Luciana ressaltou que a explosão da população carcerária no Brasil, além de não resolver as questões relacionadas ao tráfico e ao consumo abusivo de drogas, ainda causou outro problema, que é a atual crise do sistema penitenciário brasileiro. “Esse aumento das prisões não resolveu o problema das drogas, não melhorou a segurança pública e nem resolveu questões de saúde. E ainda temos que lembrar que a prisão é um lugar onde se consomem drogas. As pessoas são colocadas em um lugar subumano, sem direitos, e as autoridades toleram o uso de drogas, principalmente maconha, para acalmar aquela massa. Precisamos enfrentar essa lógica atual. Há uma demanda por mais punição, sem que essa política tenha a menor possibilidade de conter ou reduzir o uso abusivo de drogas e outros problemas”,

Para a professora, a política no Brasil não é feita com base na realidade e sim com um “discurso simbólico”. “A ideia de que a pena de prisão traz mais segurança, nunca foi comprovada”, lembrou ela, acrescentando que o sistema penitenciário é caro e que o Brasil gasta mais com presos do que com alunos do Ensino Médio. “O que estamos fazendo é empurrar os jovens para uma máquina de moer gente, que não tem a menor condição de trazer nenhum tipo de benefício. Eles saem da prisão estigmatizados e totalmente inseridos no circuito ilícito”, disse Luciana, acrescentando que as pessoas a quem interessa punir são as mesmas a quem interessa manter na ilicitude o milionário mercado nacional e internacional das drogas. De acordo com uma pesquisa coordenada atualmente por Luciana, o tráfico de drogas é a segunda maior causa de prisão entre os jovens, depois do crime de roubo.
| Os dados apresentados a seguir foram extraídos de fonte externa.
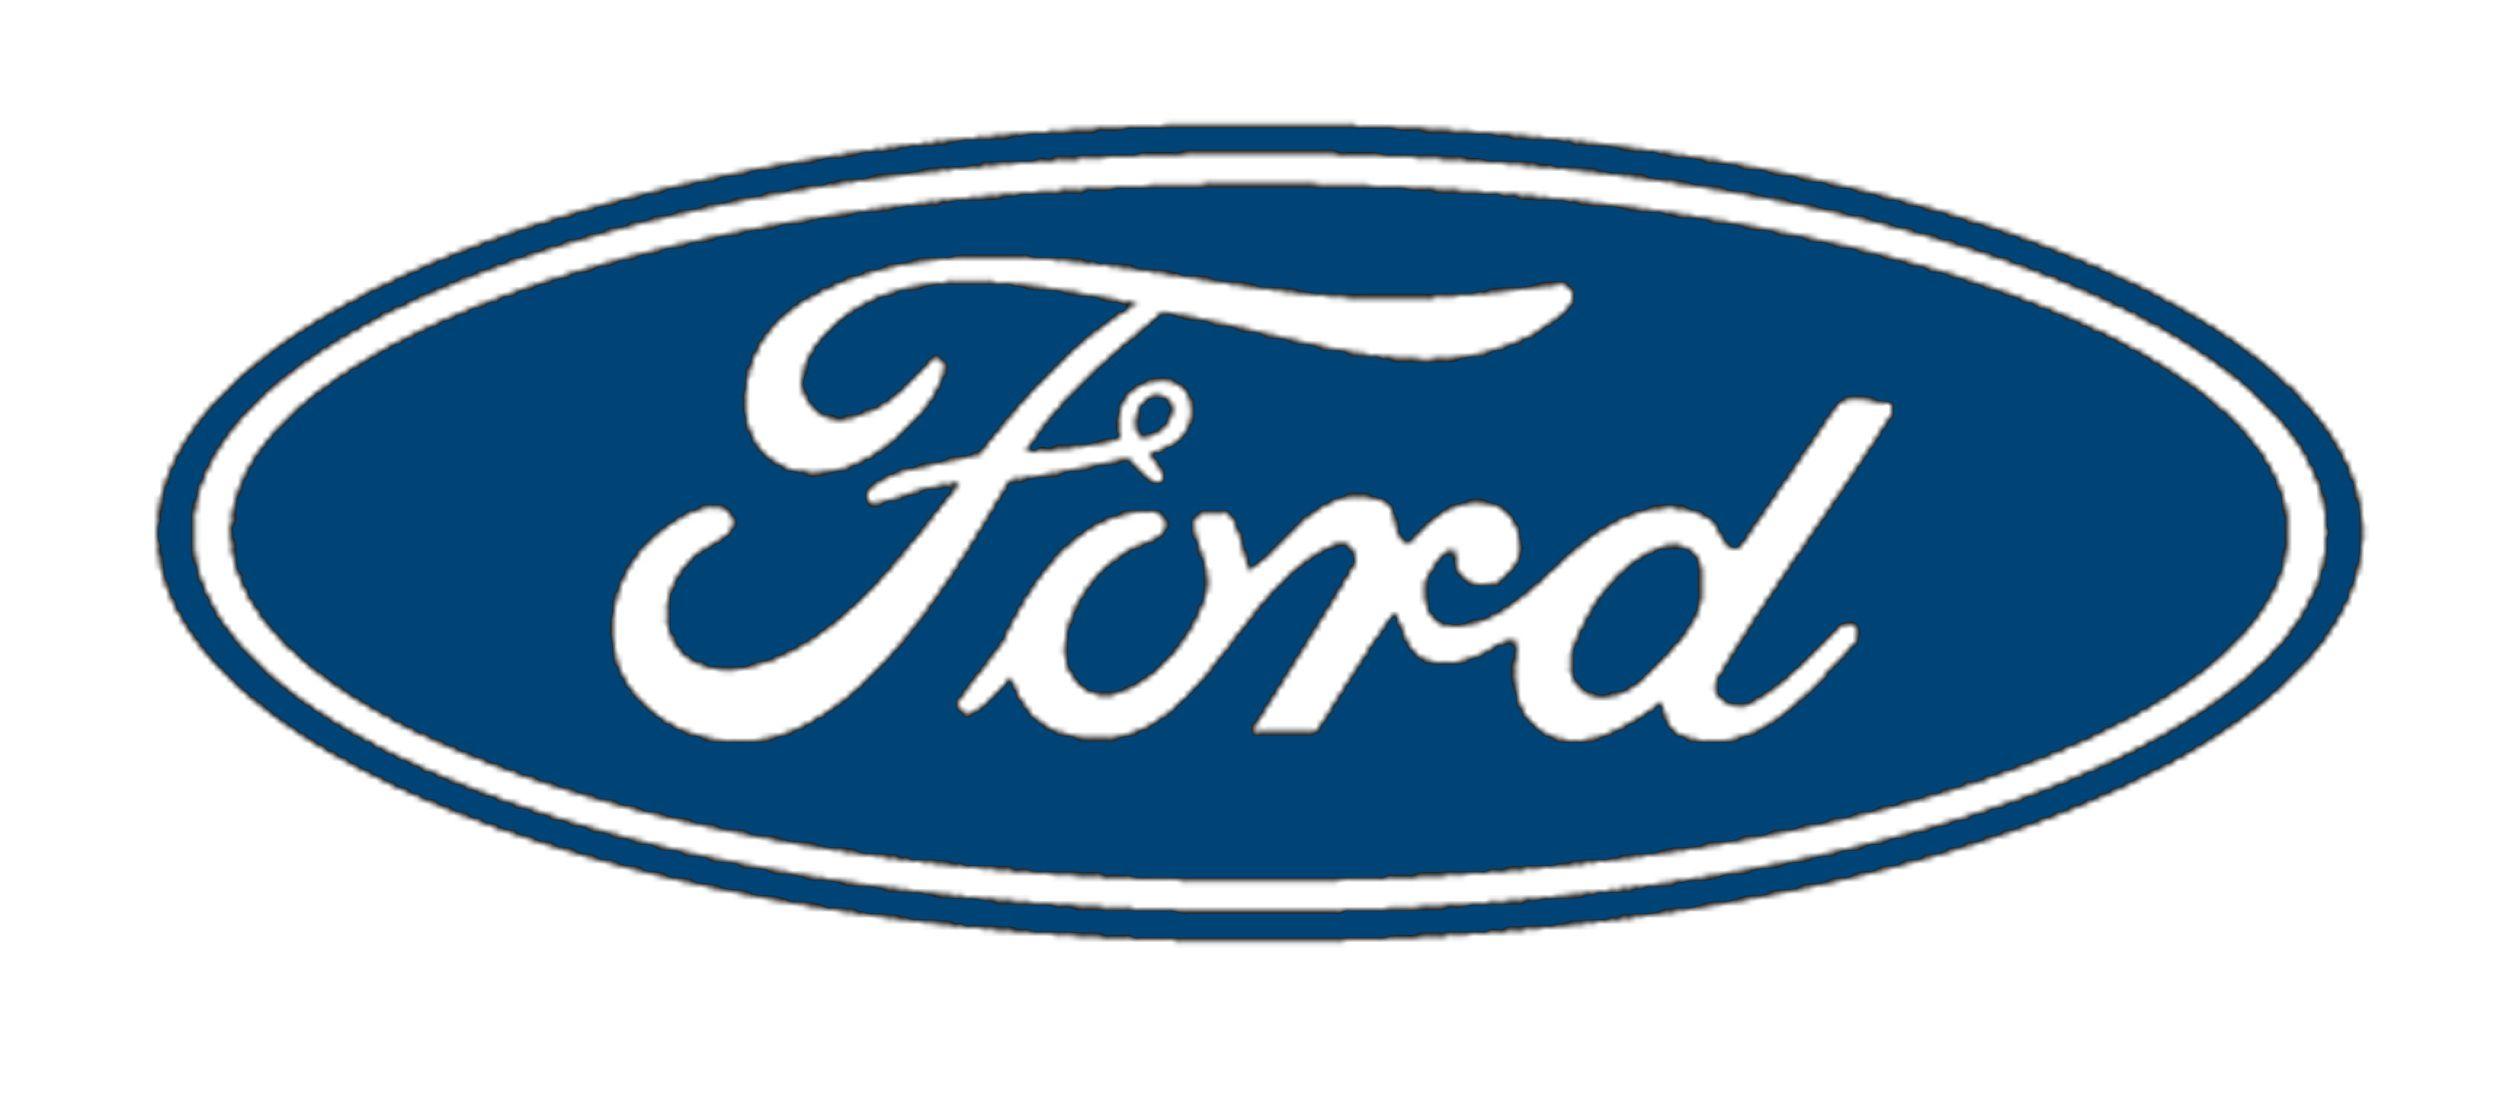 Old Ford Logo - How I remember the Ford logo : MandelaEffect
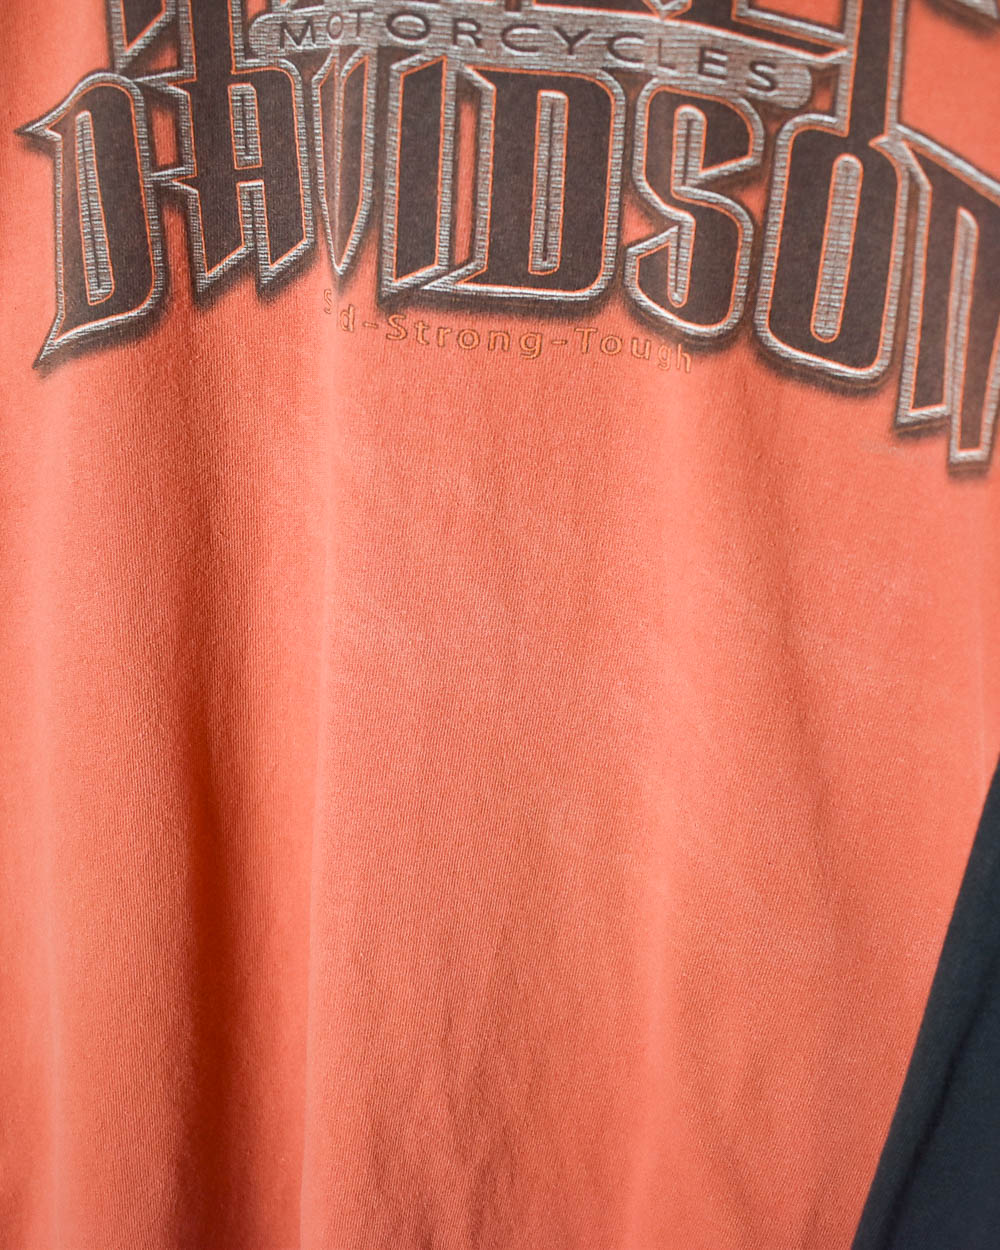 Orange Harley Davidson Motorcycles Graphic Long Sleeved T-Shirt - Medium

A solução do problema, na avaliação de Luciana, passa pela questão da legalização das drogas, como já aconteceu em alguns países como Estados Unidos, Uruguai, Espanha e Portugal. “Para mim, o debate sobre a legalização não é mais “se”, é “quando” e “como”. É essencial começar esse processo. Avançamos no debate da saúde pública e nas questões não punitivas, mas não conseguimos avançar no debate da legalização”, disse Luciana, que defende que o debate sobre a legalização tire o foco da punição para facilitar o diálogo coletivo com a sociedade. “Temos que discutir que tipo de legalização nós queremos. Se continuar do jeito que está, vamos ter cada vez mais mortos e cada vez mais prisões, principalmente de jovens. O debate com a juventude deve ser franco e honesto, sem hipocrisia. Não pode ser baseado no medo e na verticalização. Enquanto as políticas públicas forem baseadas no medo, no controle, na verticalidade e no preconceito, vamos ter uma sociedade cada vez pior”.

Comentários

Sou aluno do curso e agradeço a oportunidade de me especializar, nesse assunto tão delicado que é o mundo das drogas, aqui na EPSJV. A palestra de aula inaugural da professora Luciana veio abrilhantar ainda mais o curso, nos trazer conteúdo e bagagem intelectual para alavancar nossa busca pelo aperfeiçoamento profissional. Obrigado EPSJV e FIOCRUZ por esse maravilhoso presente que foi presenciar a professora Luciana nesse primeiro dia de aula.